This week I thought about the cost of education after reading a great OpEd from the Harvard Crimson titled, Fire Them All; God Will Know His Own. The cost of education has far outpaced inflation and evaded the deflationary force of technology. On its face, education seems like an industry vulnerable to disruption. Any user of Khan Academy or YouTube can receive college level education on almost any topic at ~no cost, so why is education so expensive?
One reason is the expansion of the administrative swamp. The Harvard OpEd notes that the administrative staff at Harvard (7,024 total) roughly equals the undergraduate population and is 1.5x the number of academic employees. Yale has also hit the 1:1 undergrad to administrator ratio. My bet is that a real audit of many college administrators' actual work functions would reveal a shocking number mainly overseeing the bylaws of the campus underwater basket weaving clubs.
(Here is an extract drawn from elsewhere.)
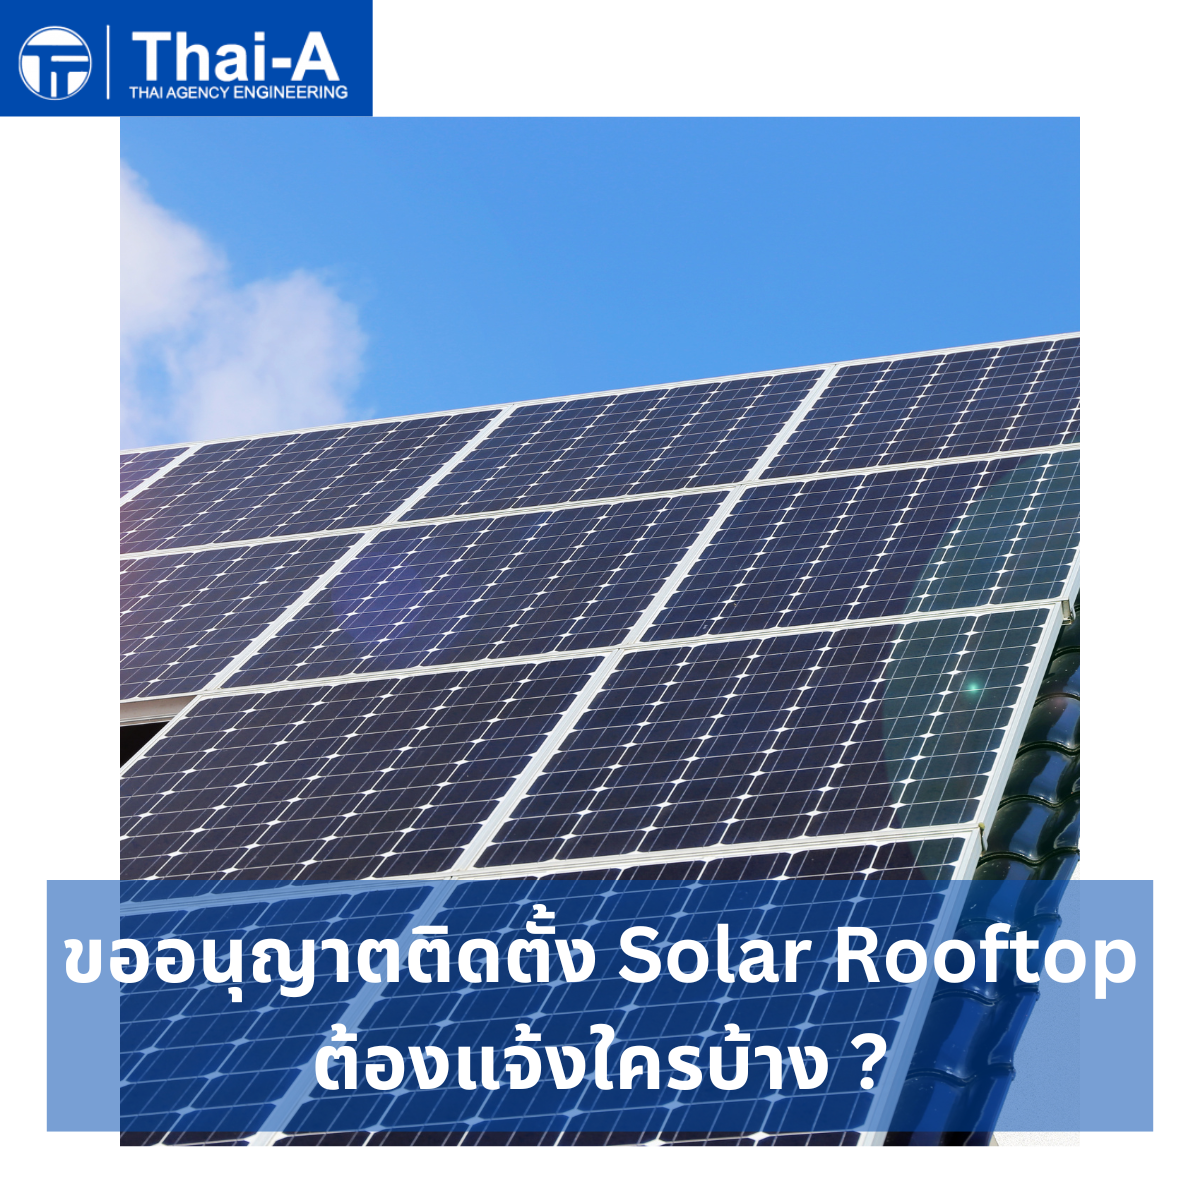 ขออนุญาตติดตั้ง Solar Rooftop ต้องแจ้งใครบ้าง (3)

Aside from the swamp, the real reason the cost of education has outpaced inflation is because colleges aren’t actually in the education business, they’re in the credentialization business. Education is free and scalable today, but a credential from a well regarded college is immensely valuable.
Price deflation in education will require a widespread private sector embrace of skill assessments or professional skill certificates (like Coursera or Google certificates). Until a true alternative to traditional college is accepted, colleges will continue to generate artificial scarcity in their ability to “educate” (read credentialize) students, and the demand will remain strong. While a credential from a true brand name college will likely never be disrupted, there is a real opportunity for technology to disrupt the colleges charging brand name prices for an inferior credential. Perhaps there is hope for the next iteration of this chart.